## SOURCE MATERIAL
------------------------------

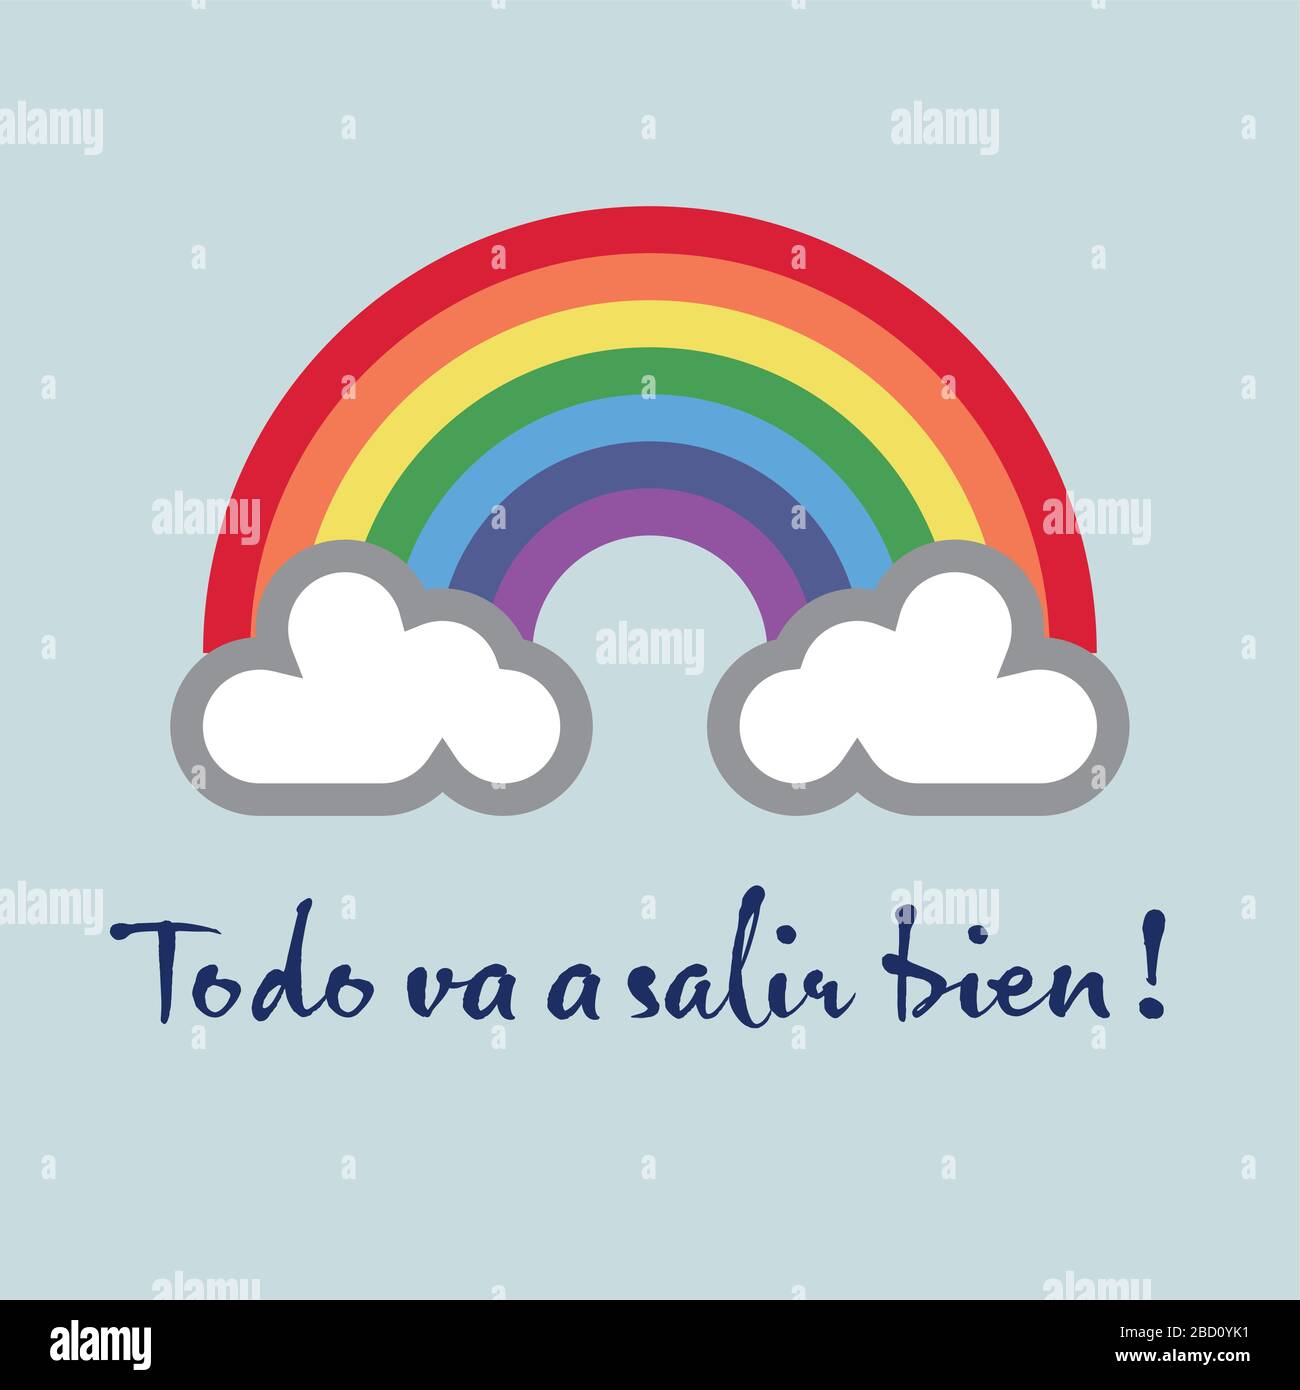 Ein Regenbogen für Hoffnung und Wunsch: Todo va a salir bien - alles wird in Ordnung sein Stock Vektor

------------------------------

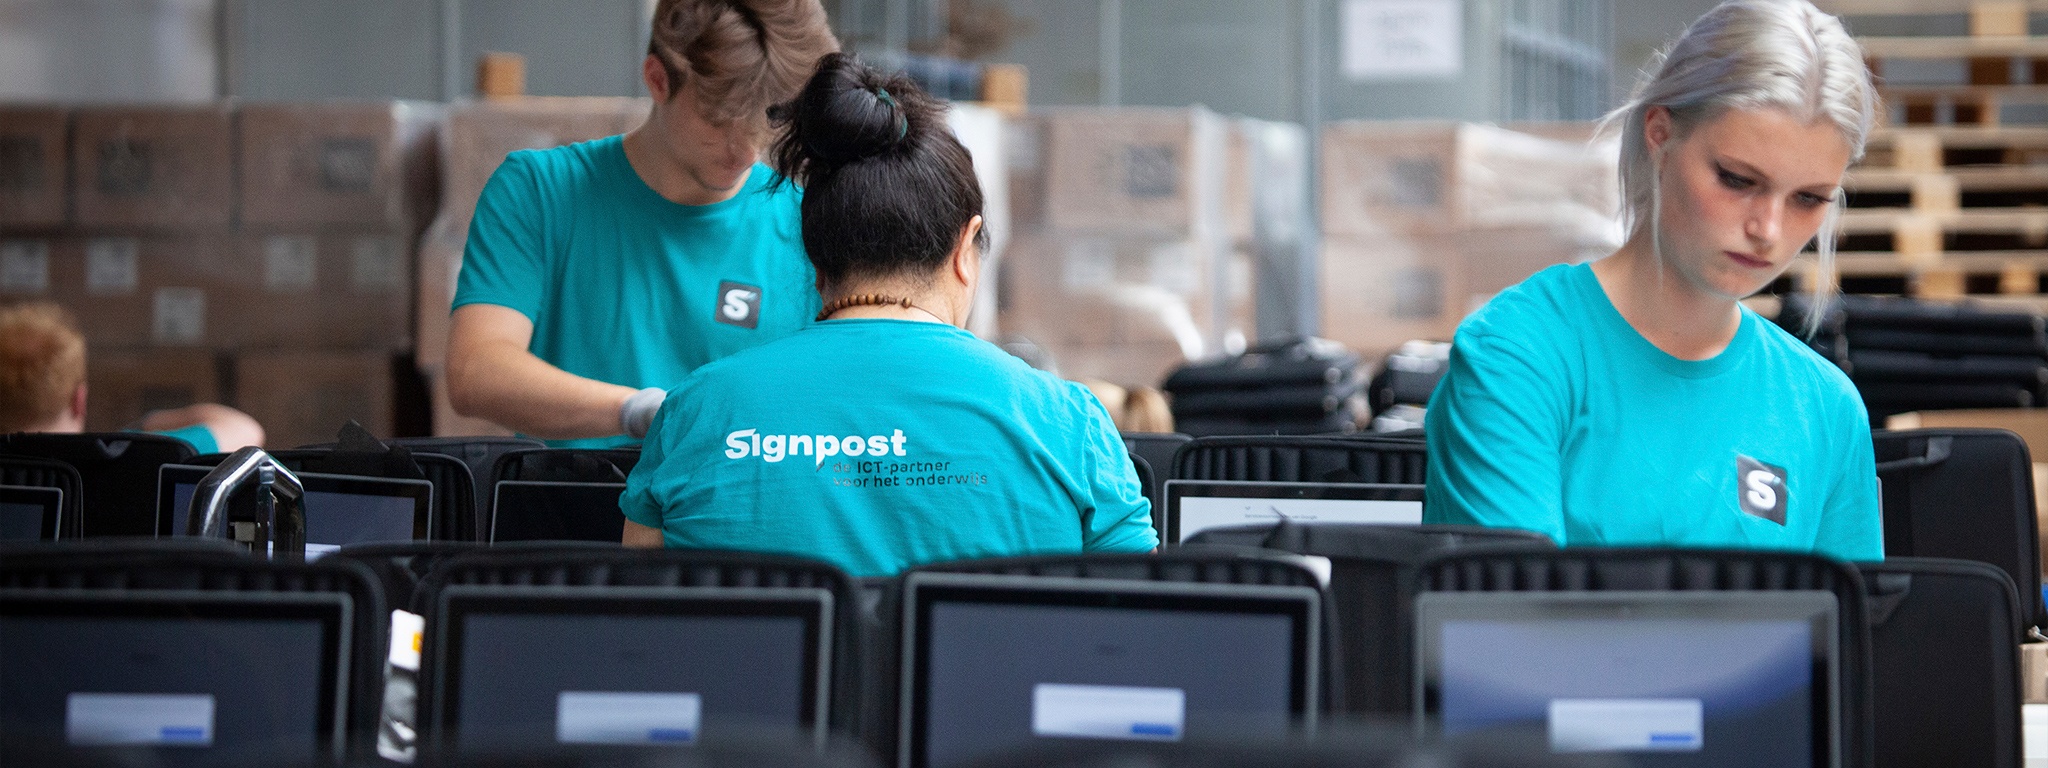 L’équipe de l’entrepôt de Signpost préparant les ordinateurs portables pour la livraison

------------------------------

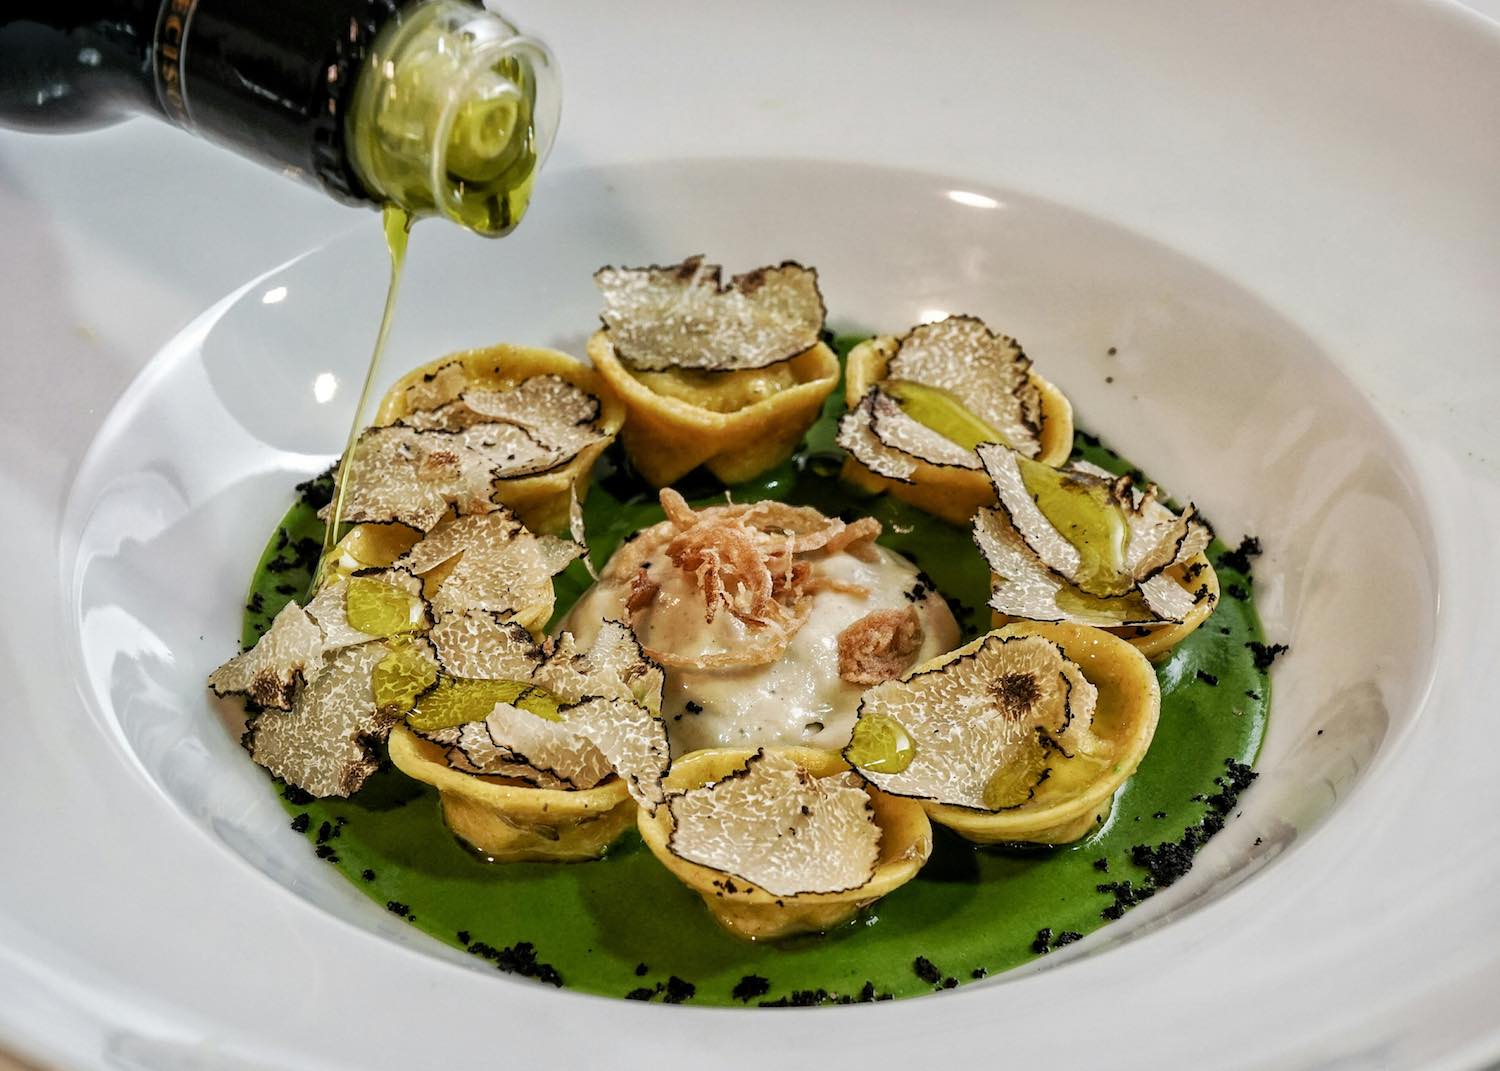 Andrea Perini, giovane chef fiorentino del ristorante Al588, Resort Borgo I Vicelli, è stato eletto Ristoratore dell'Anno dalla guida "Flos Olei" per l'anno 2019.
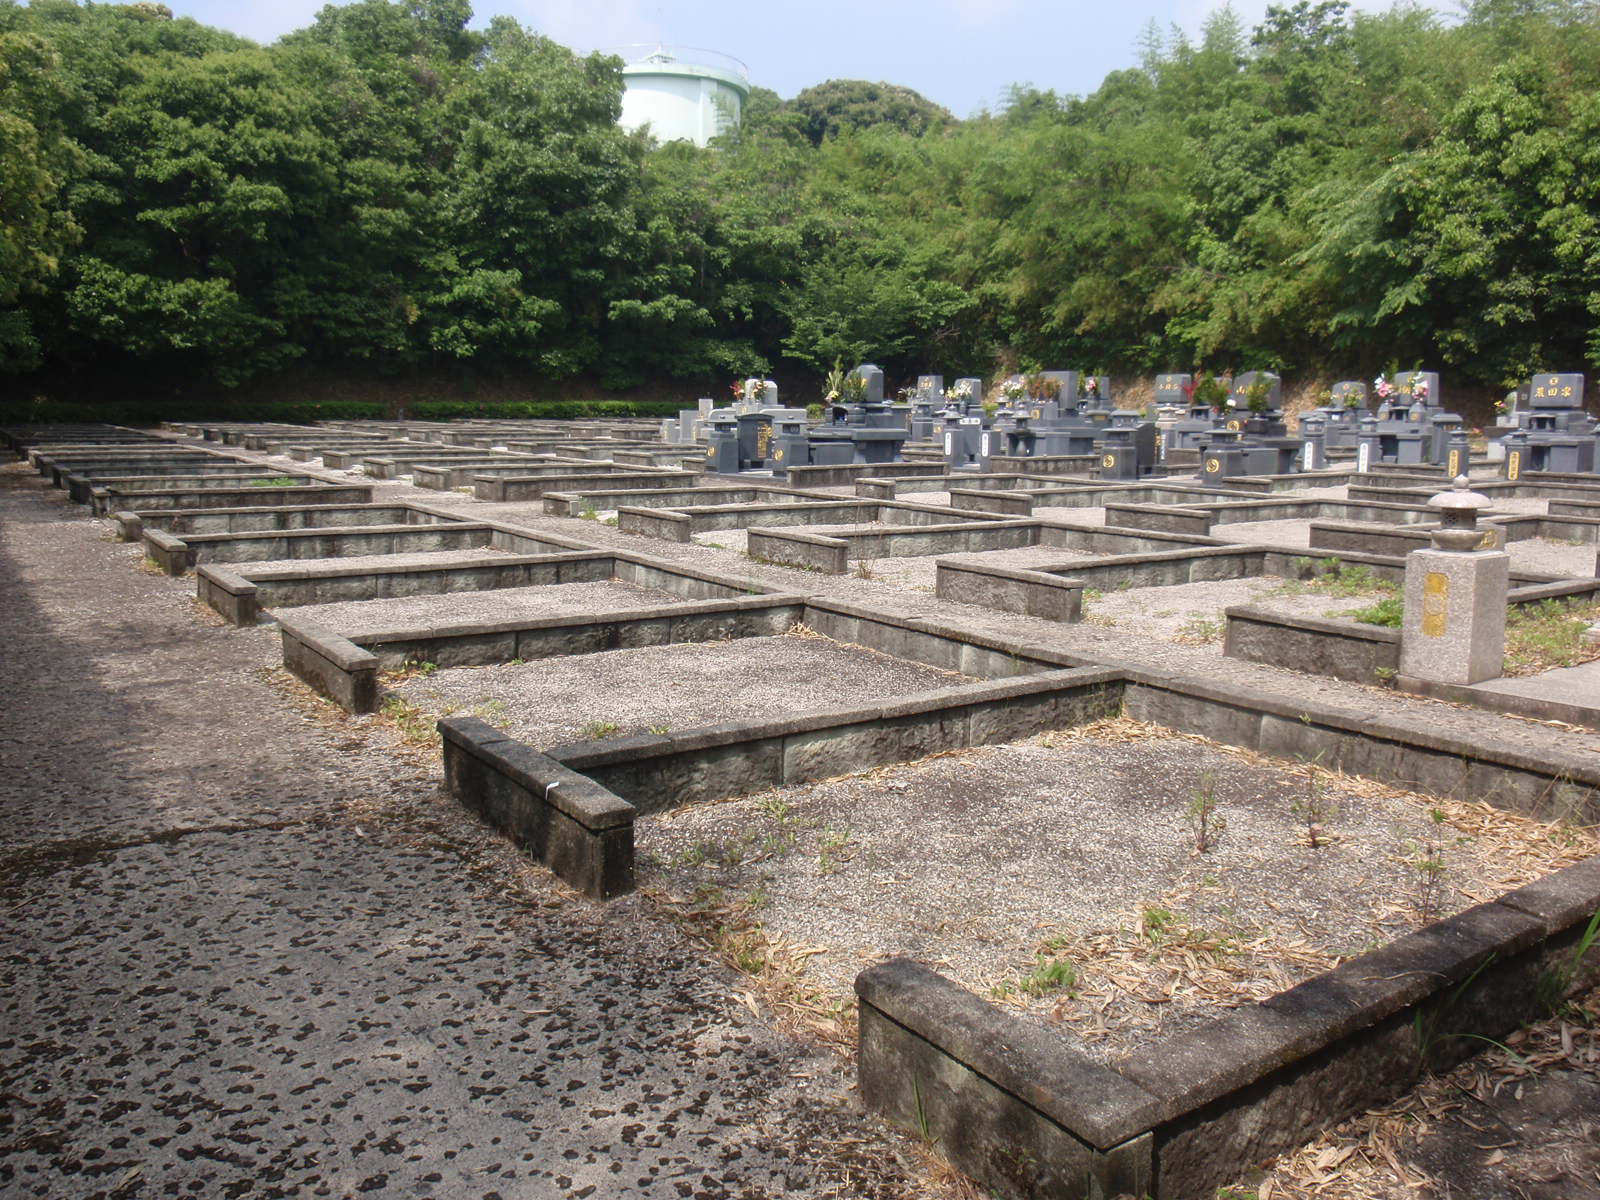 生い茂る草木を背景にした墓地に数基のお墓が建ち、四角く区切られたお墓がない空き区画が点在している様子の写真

------------------------------

## INSTRUCTIONS TO FOLLOW
Among the entries above, take the line with "Andrea Perini, giovane", the line with "生い茂る草木を背景にした墓地", and all the lines between them, and restate them word for word without pictures.

## EXERCISE ANSWER
 Andrea Perini, giovane chef fiorentino del ristorante Al588, Resort Borgo I Vicelli, è stato eletto Ristoratore dell'Anno dalla guida "Flos Olei" per l'anno 2019.
 生い茂る草木を背景にした墓地に数基のお墓が建ち、四角く区切られたお墓がない空き区画が点在している様子の写真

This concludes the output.